◆ **ASSIGNED TASK**:
As the answer, give exactly the lines of the records below from the one with "Two art deco" through the one with "Each roomm divide measures 63", ends included and pictures left out.

◆ **DATA LISTING**:
/---
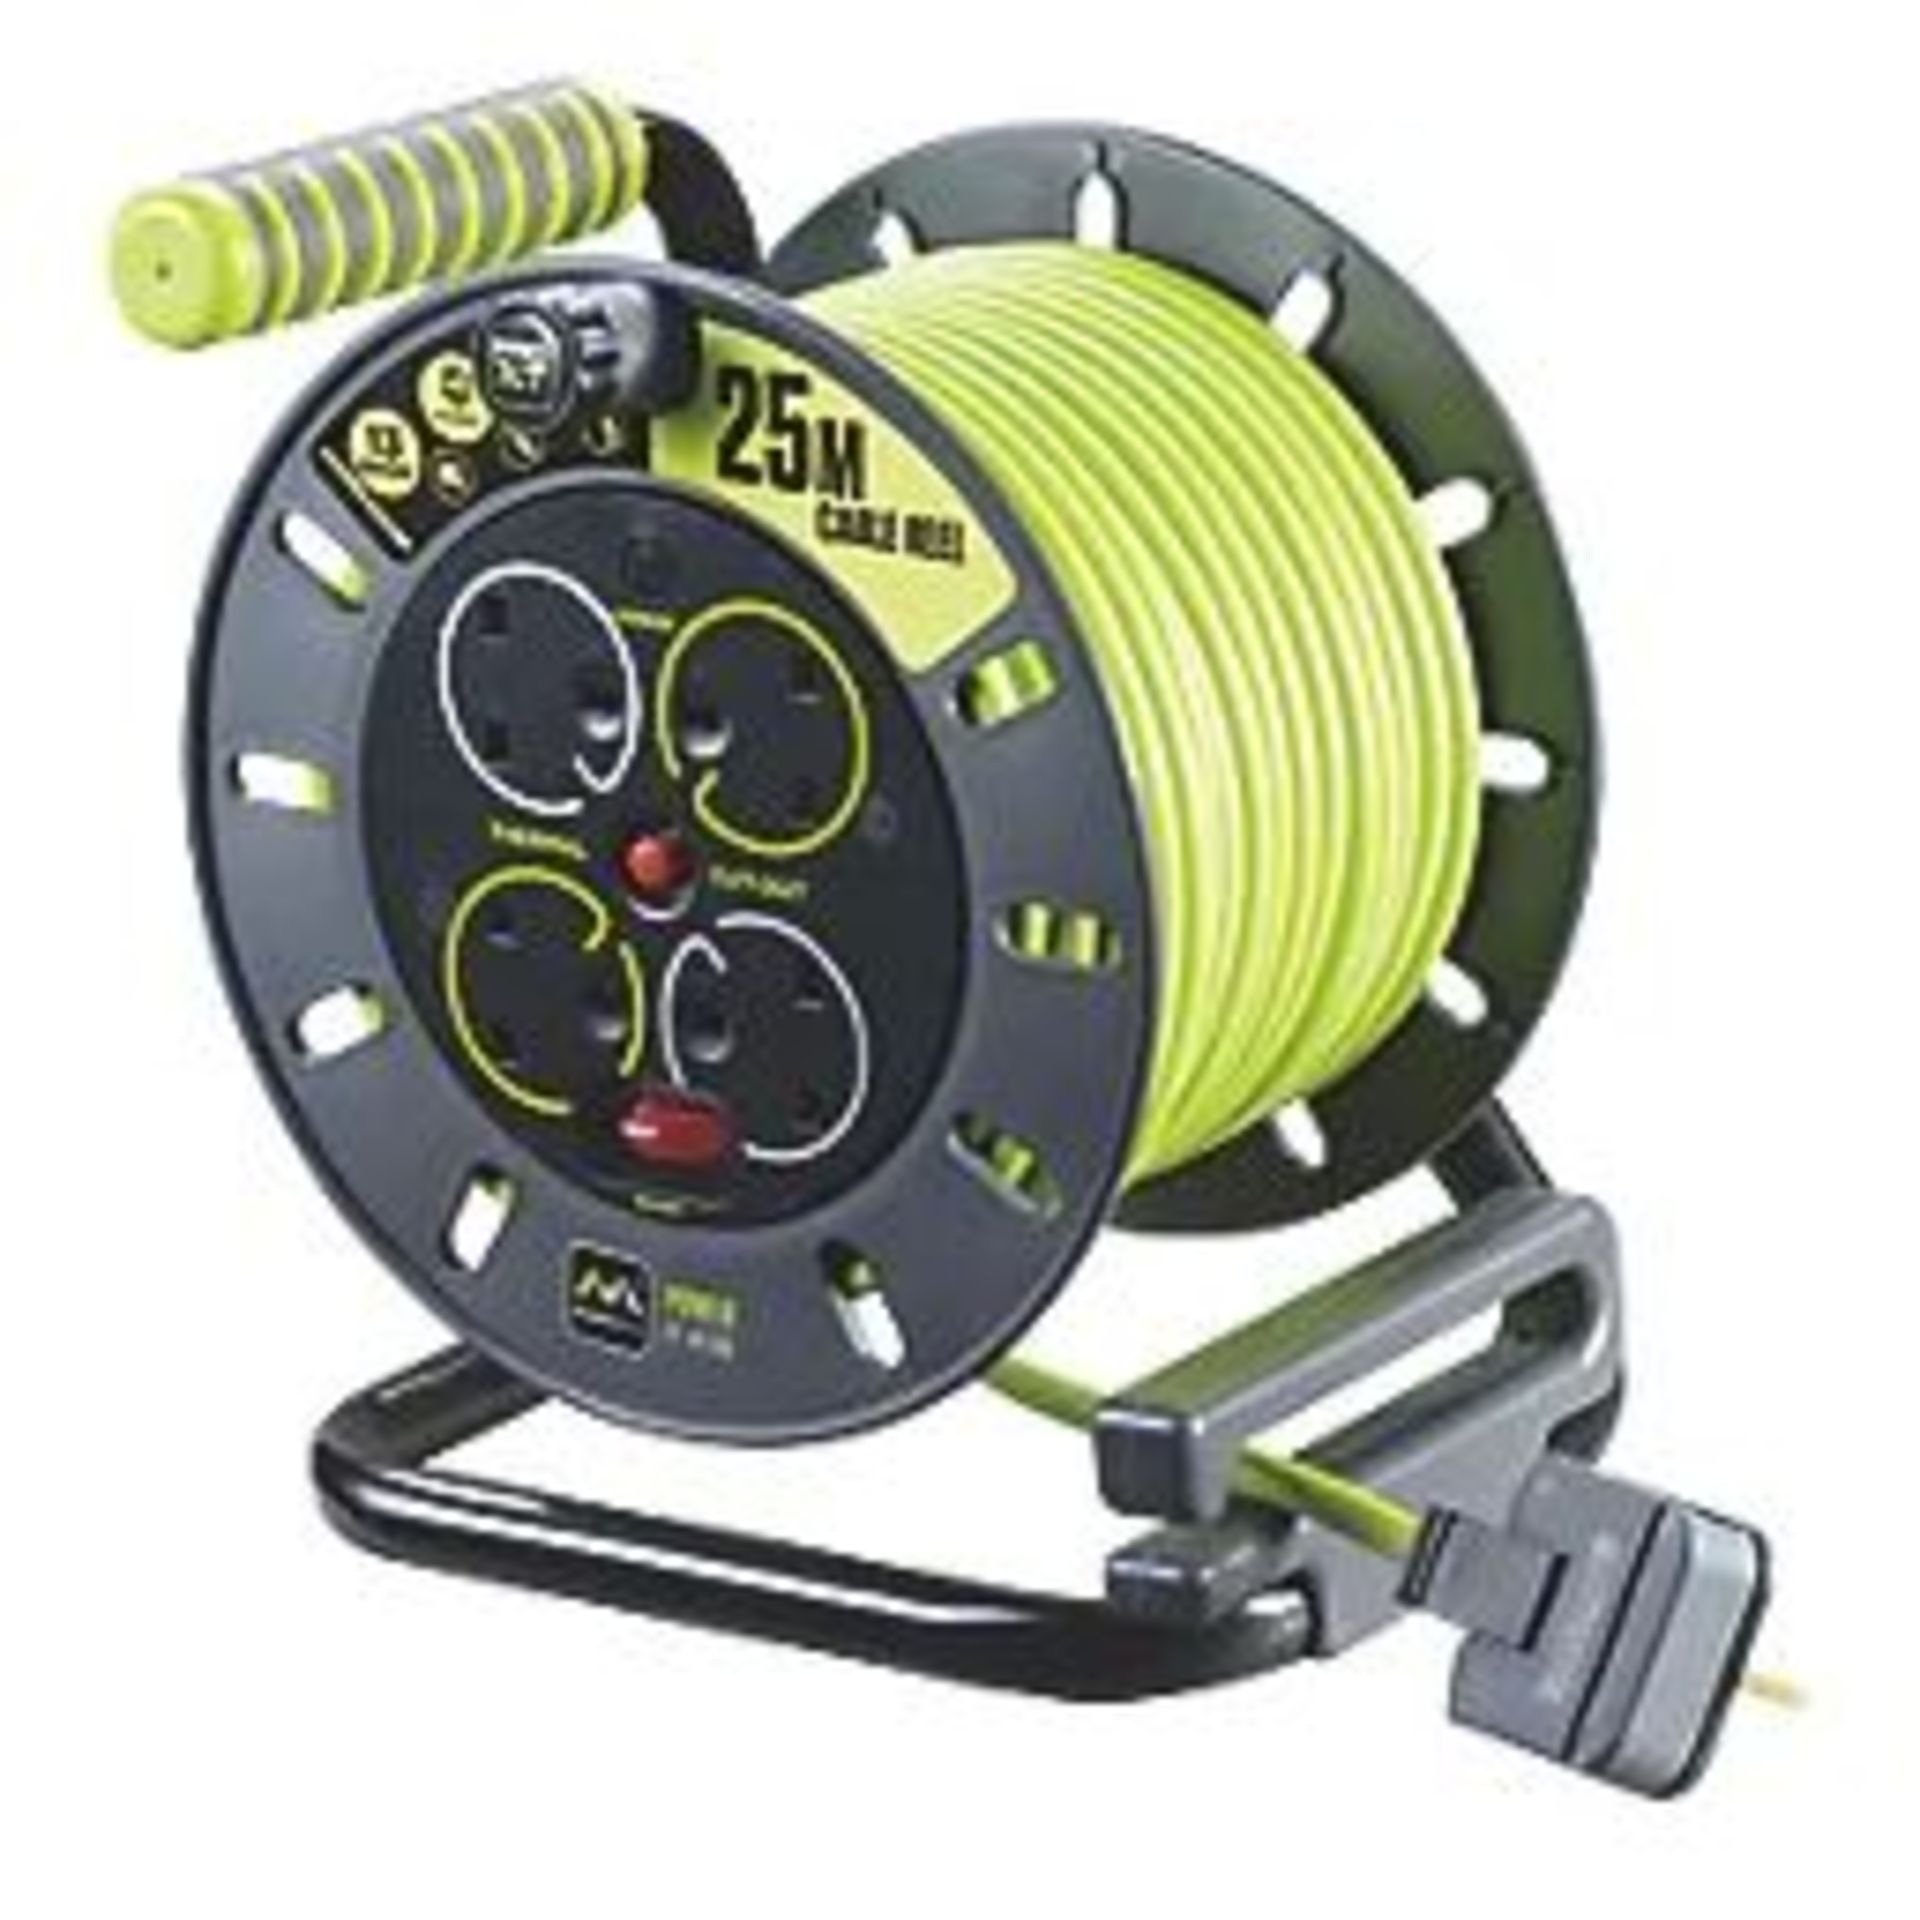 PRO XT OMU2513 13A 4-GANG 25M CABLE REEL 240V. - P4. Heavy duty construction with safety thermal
\---
/---
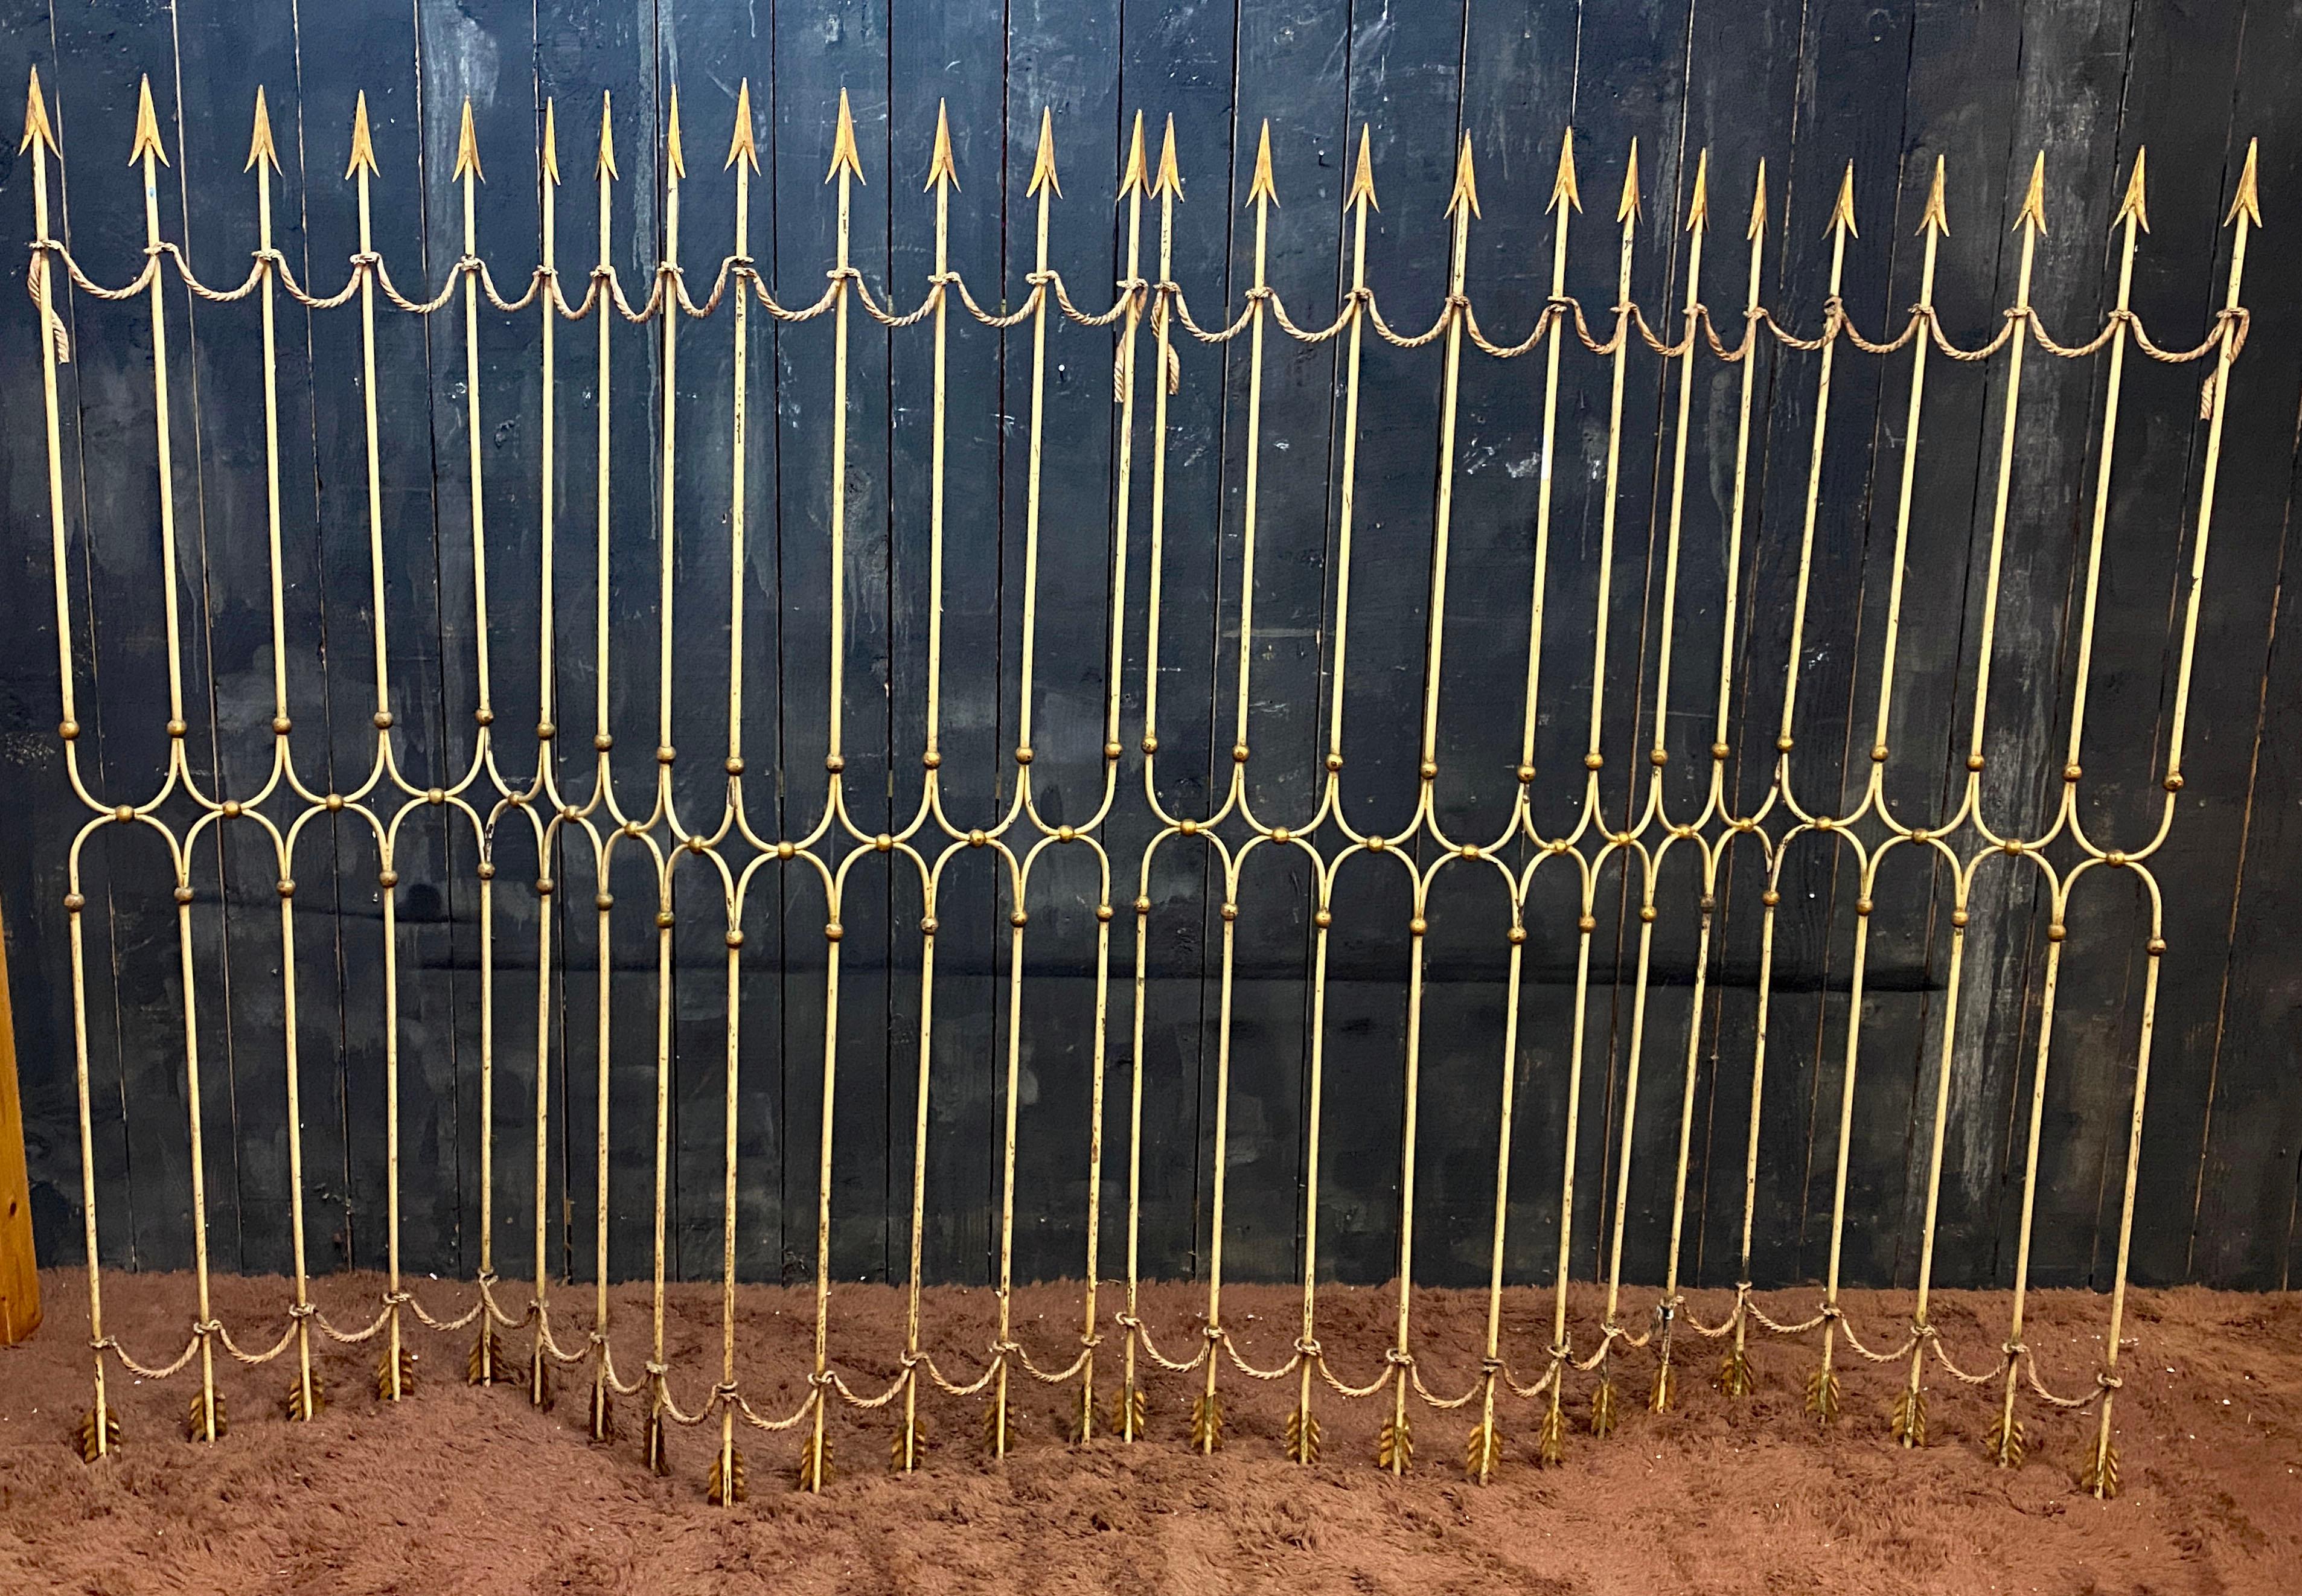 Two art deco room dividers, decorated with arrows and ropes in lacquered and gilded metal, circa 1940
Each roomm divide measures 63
\---
◆ **RESPONSE TO THIS TASK**:
 Two art deco room dividers, decorated with arrows and ropes in lacquered and gilded metal, circa 1940
Each roomm divide measures 63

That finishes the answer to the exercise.